Recent progress in large language models (LLMs) like GPT-4 and PaLM-2 has brought significant advancements in addressing math reasoning problems. In particular, OpenAI's latest version of GPT-4, known as GPT-4 Code Interpreter, shows remarkable performance on challenging math datasets. In this paper, we explore the effect of code on enhancing LLMs' reasoning capability by introducing different constraints on the Code Usage Frequency of GPT-4 Code Interpreter.

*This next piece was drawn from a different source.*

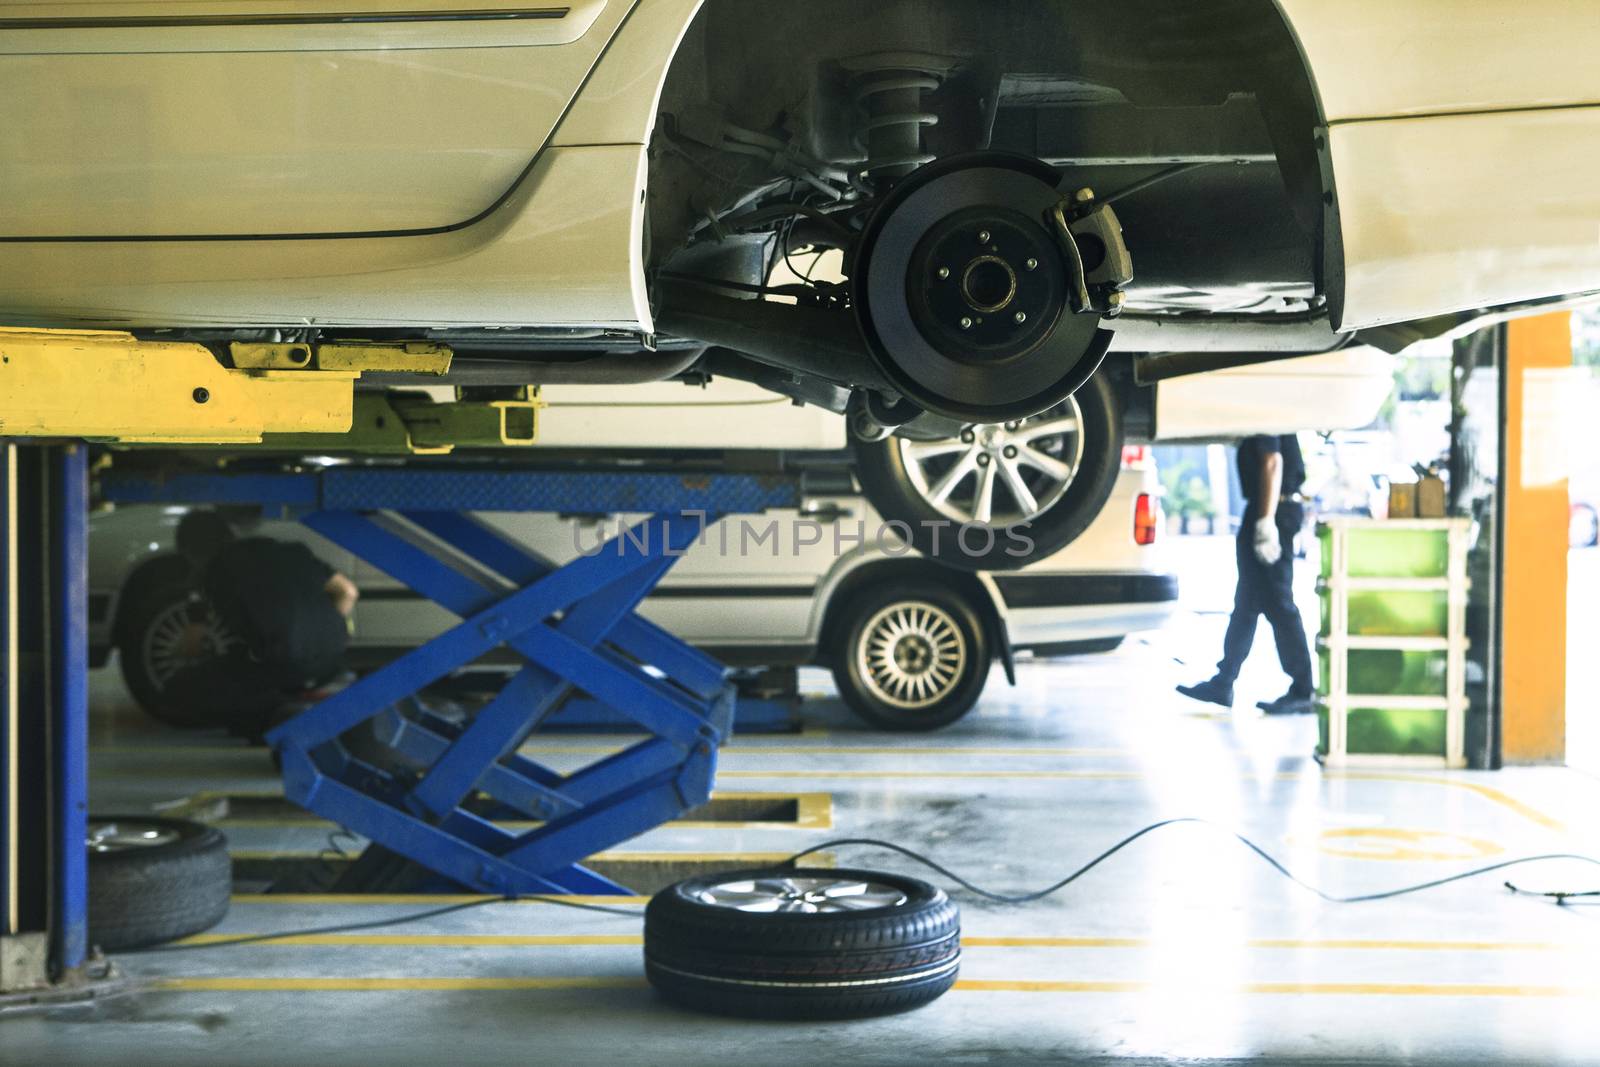  car wheel  suspension and brake system maintenance in auto service before long journey

We found that its success can be largely attributed to its powerful skills in generating and executing code, evaluating the output of code execution, and rectifying its solution when receiving unreasonable outputs. Based on this insight, we propose a novel and effective prompting method, explicit $\underline{\text{c}}$ode-based $\underline{\text{s}}$elf-$\underline{\text{v}}$erification (CSV), to further boost the mathematical reasoning potential of GPT-4 Code Interpreter. This method employs a zero-shot prompt on GPT-4 Code Interpreter to encourage it to use code to self-verify its answers. In instances where the verification state registers as "False", the model shall automatically amend its solution, analogous to our approach of rectifying errors during a mathematics examination. Furthermore, we recognize that the states of the verification result indicate the confidence of a solution, which can improve the effectiveness of majority voting. With GPT-4 Code Interpreter and CSV, we achieve an impressive zero-shot accuracy on MATH dataset.